Compreender e avaliar a erosão do solo é crucial para o futuro da produção de alimentos e do meio ambiente, pois a O solo é a base da agricultura e ecossistemas.
Segundo o CCI, as alterações na qualidade do solo "afetar o fornecimento de alimentos, abastecimento e regulação de água e sequestro de carbono. Um bom solo é um importante pool de genes microbianos do qual extraímos recursos biomédicos; a baixa qualidade do solo coloca esse processo em questão.”
A erosão do solo resulta na perda de produtividade agrícola, reduz a estabilidade do solo, altera a estrutura do solo e reduz a capacidade de biologia do solo e retenção de água.
A erosão também resulta na perda de nutrientes do solo e "todas as principais funções do solo, não apenas sua produtividade”, observaram os pesquisadores.
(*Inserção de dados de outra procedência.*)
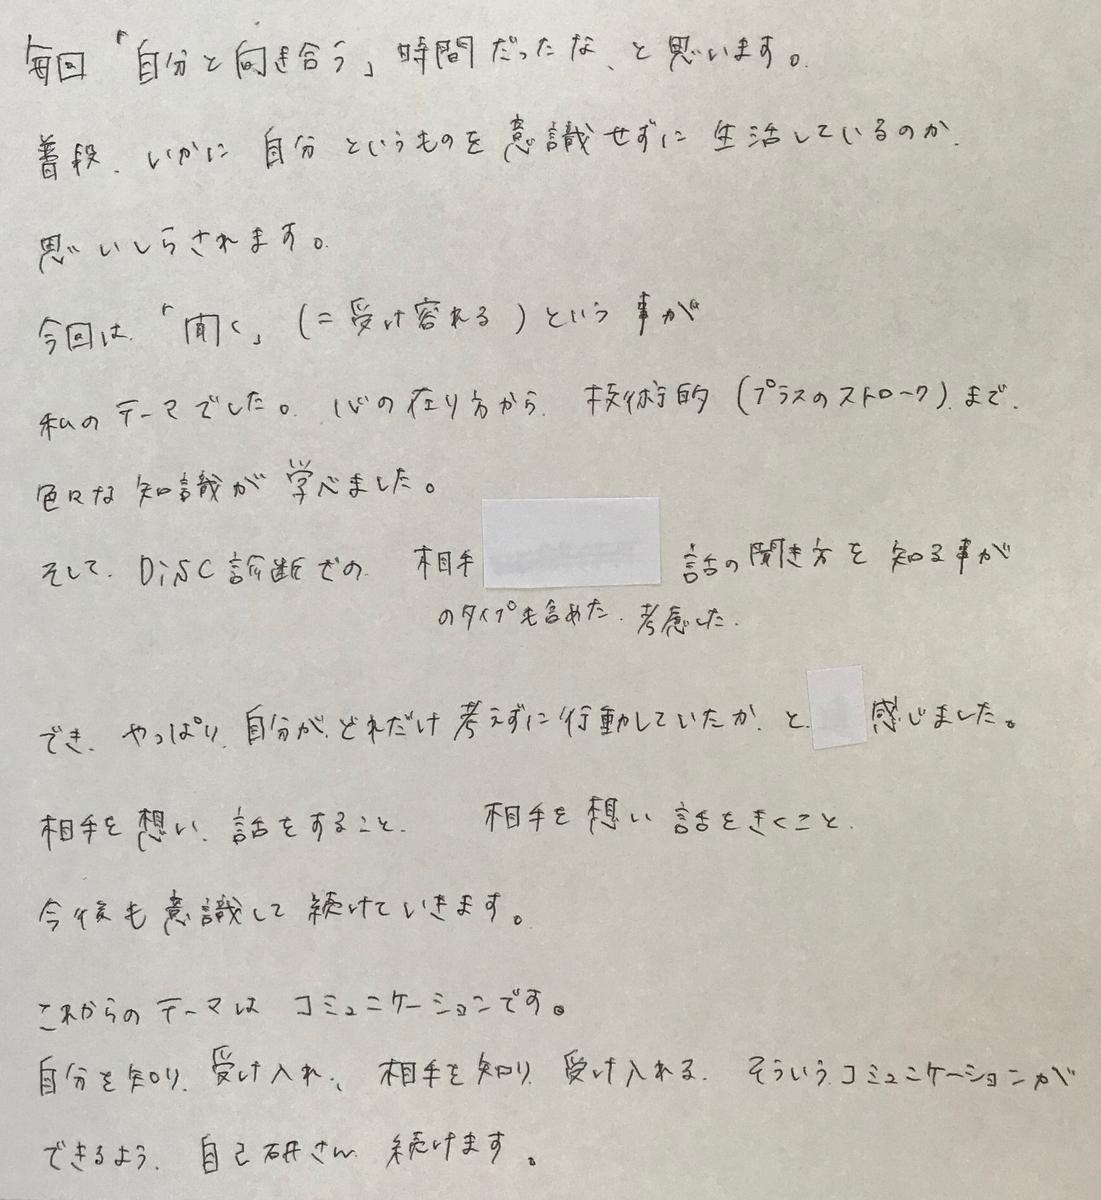 f:id:tanaka-shinichi:20200815175845j:plain

Os pesquisadores do CCI disseram que o estudo constitui um conjunto de previsões que devem servir de base para o desenvolvimento "uma rede de monitoramento estratificada eficiente e informando estratégias de mitigação direcionadas no âmbito da Política Agrícola Comum 2023-2027.”
O Política Agrícola Comum é um programa de subsídios da UE concebido para "apoiar os agricultores e melhorar a produtividade agrícola.”
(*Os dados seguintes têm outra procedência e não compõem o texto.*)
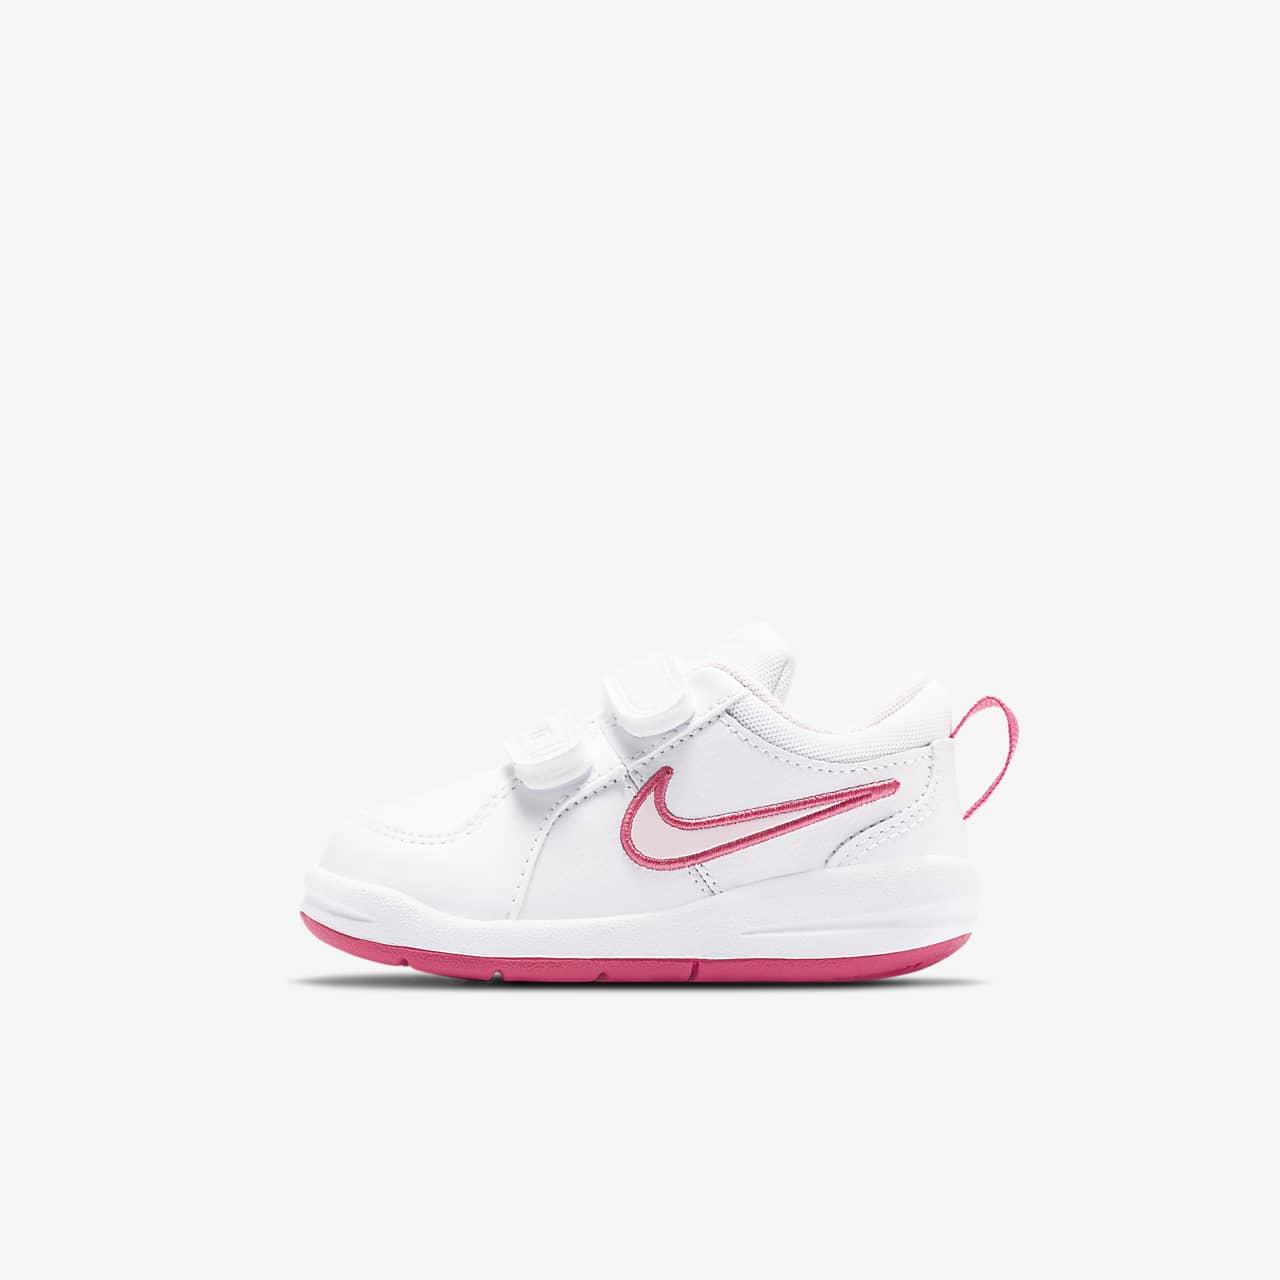 d0670ff5dc2 Calzado para bebé e infantil niña Nike Pico 4. Nike.com MX

Para combater a erosão do solo, os pesquisadores recomendaram reduzir a intensidade da lavoura e aumentar a cobertura vegetal em terras aráveis. "Essas ações são benéficas para a agrobiodiversidade funcional do sistema agrícola”, escreveram.
Seguir essas recomendações e outras boas práticas agrícolas pode reduzir a erosão da lavoura em 27%, a erosão hídrica em 20% e a erosão eólica em 9%.
Os pesquisadores disseram que a avaliação do solo e as medidas de conservação se tornariam cada vez mais importantes devido à das Alterações Climáticas.
O CCI disse que a atual avaliação da erosão do solo é a primeira desse tipo e é considerada uma base para o desenvolvimento de um sistema abrangente de monitoramento da saúde do solo no continente.
"A Europa está se movendo em direção a um ciclo hidrológico mais vigoroso que exacerbará o impacto da erosão... a geografia futura e as taxas de erosão podem ser substancialmente alteradas pelas mudanças climáticas”, escreveram.
"O caminho para o sistema de agricultura sustentável, neutro em carbono e amigo da biodiversidade defendido no Acordo Verde da UE passa por uma estratégia temática de proteção do solo contra múltiplos processos erosivos simultâneos”, acrescentaram os pesquisadores.
O CCI disse que há atualmente apenas um punhado de programas de pesquisa de erosão do solo em todo o mundo, notadamente a pesquisa da Cooperativa Nacional dos Estados Unidos e o Programa Nacional de Pesquisa Geral da China sobre Conservação do Solo e da Água.
A nova pesquisa fará parte do "Estratégia do solo da UE para 2030” promulgada no ano passado para lidar com a degradação da terra.